Causative agents for PTM include a wide range of both gram-positive and gram-negative organisms.
The diagnosis of PTM is usually made by CSF cultures with positive results seen in 73-100% of patients. 1, 5, 6, 7, 8, 9 Cultures of CSF may fail to yield an isolate, however and negative cultures have been reported in up to 27% of cases. 8 Eleven (41%) patients in our series had negative CSF cultures. This may be due in part to the fact that eight patients were receiving prophylactic antibiotics. Interestingly, blood cultures may be positive in up to 86% of patients and are particularly useful for documenting the presence of pneumococcus. 7, 9
Antibiotics should be chosen in accordance with the clinical situation and ability to penetrate the blood-brain barrier. Jones found that PTM onset within 3 days in patients with non-penetrating, non-depressed injuries was uniformly pneumococcal and recommend empiric therapy against this organism. 8 While the infecting organism is likely to be from the nasopharynx or external auditory canal, nosocomial bacteria cannot be excluded until culture results are known. In patients with penetrating injuries, prolonged hospitalizations, delayed PTM onset, or antibiotic prophylaxis, definitive therapy should include broad spectrum drugs since the risk of infection with gram-negative or resistant microorganisms is higher. 5, 8, 11
As with other aspects of this disease process, outcome is widely variable. Mortality ranges from 0-65%. 1, 2, 5, 6, 7, 8, 9, 10, 11, 15, 16, 18 Our mortality rate of 15% is comparable with other series of critically ill adult patients. 6, 8, 11, 15 Common complications include pneumonia, deafness, anosmia, mental retardation, or other major neurologic deficits. 6, 9 In a study of 116 patients who talked after sustaining head injury and later died, 86 were judged to have avoidable factors which contributed to death. 31 Of these 86, PTM caused 7 deaths and four of these cases were completely unsuspected, underscoring the diagnostic difficulty. A patient who dies with PTM should have a post-mortem examination as the case may have significant forensic implications. 12, 30 In series which specifically address functional outcome, 47-75% of survivors, were independent at discharge. 1, 3 In our series, 37% reached functional independence by hospital discharge.

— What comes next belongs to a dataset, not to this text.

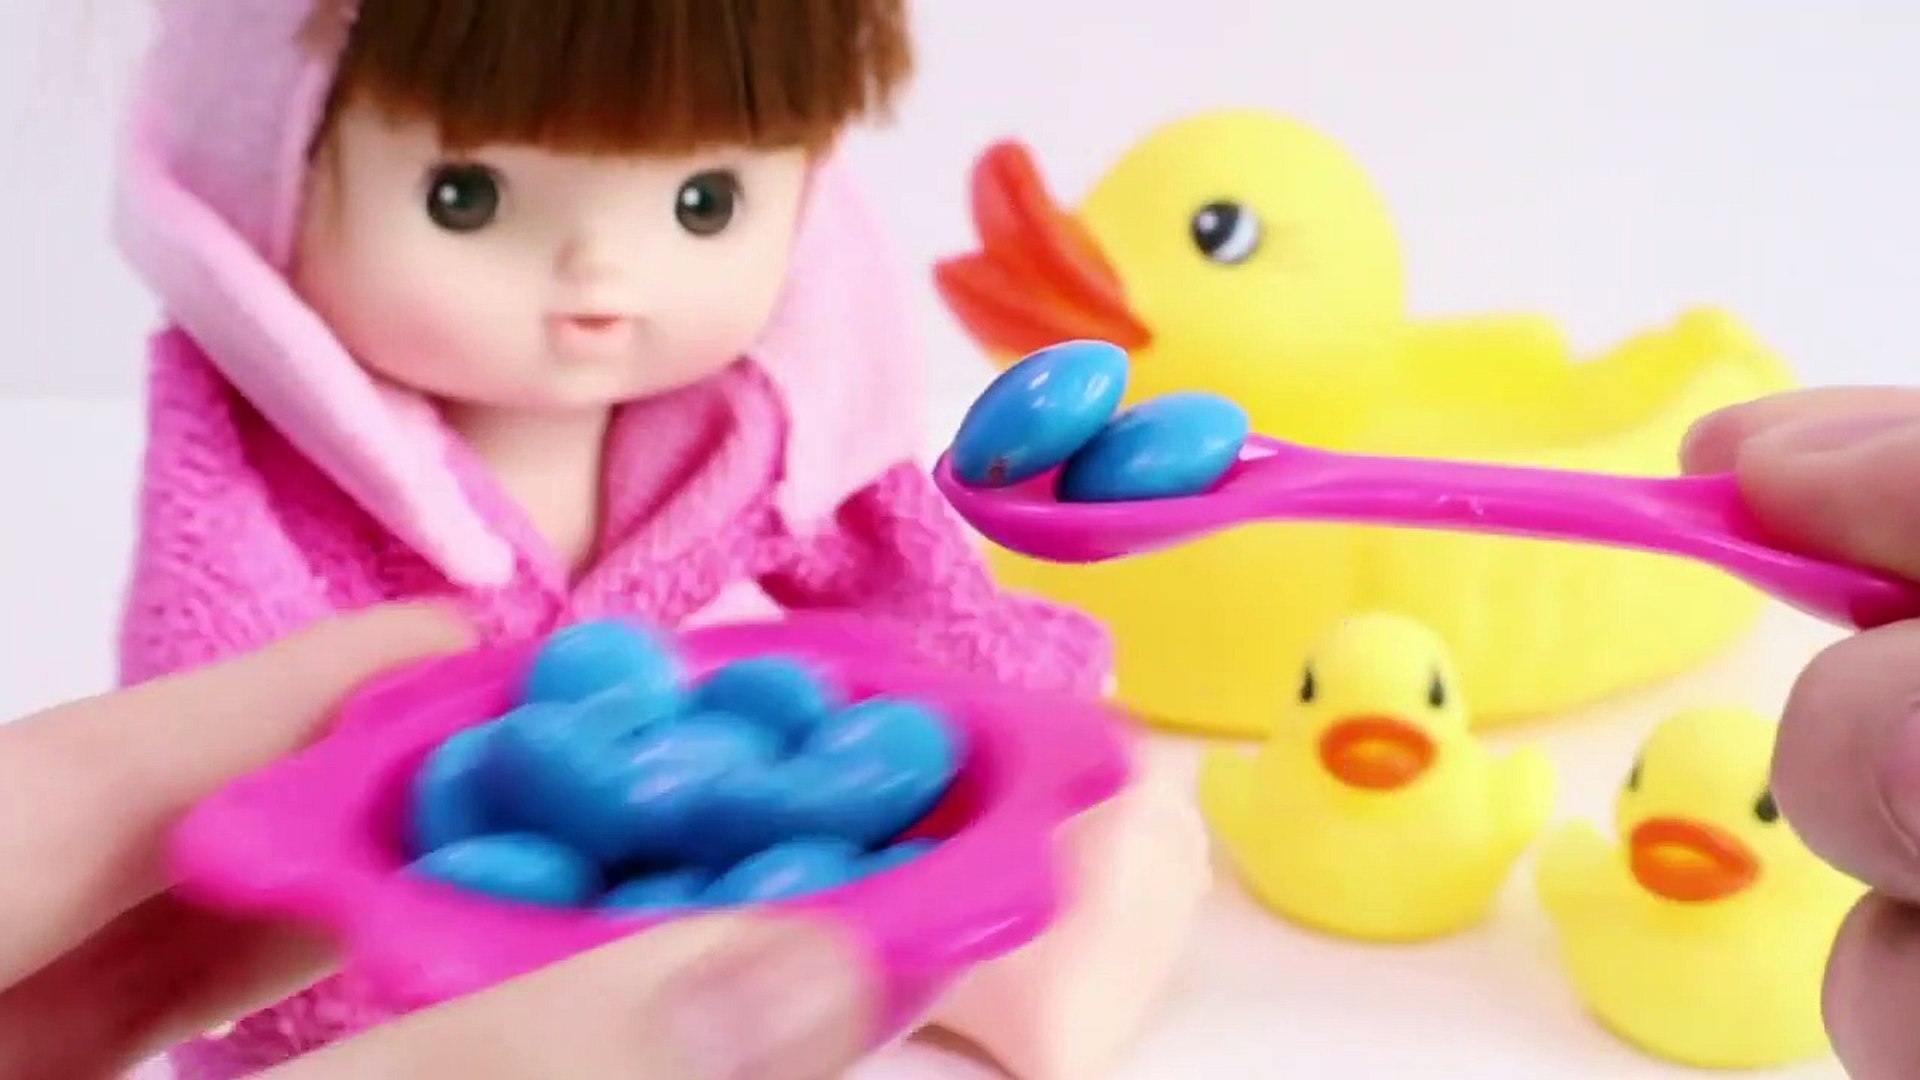 How To Make Colors Orbeez Giant Syringer Toy Learn Colors Baby Doll Bath  Time - video Dailymotion

Our study has certain limitations. Retrospective analysis did not allow us to evaluate specific risk factors for PTM, but rather simply to note associations with other injuries and findings. Patients were followed to a maximum of 6 months, so we may have underdiagnosed delayed cases. The study was not designed to assess the impact of antibiotics used for prophylaxis. Our sample size did not allow for detailed statistical analysis. The number of patients (second largest series in the English literature) and functional outcome assessment are strengths of this study.
In conclusion, although uncommon, PTM may be associated with devastating results. While basilar skull fracture and pneumocephalus are common, PTM may occur in the absence of clinical CSF fistula. Fever and decreased mental status are usually seen.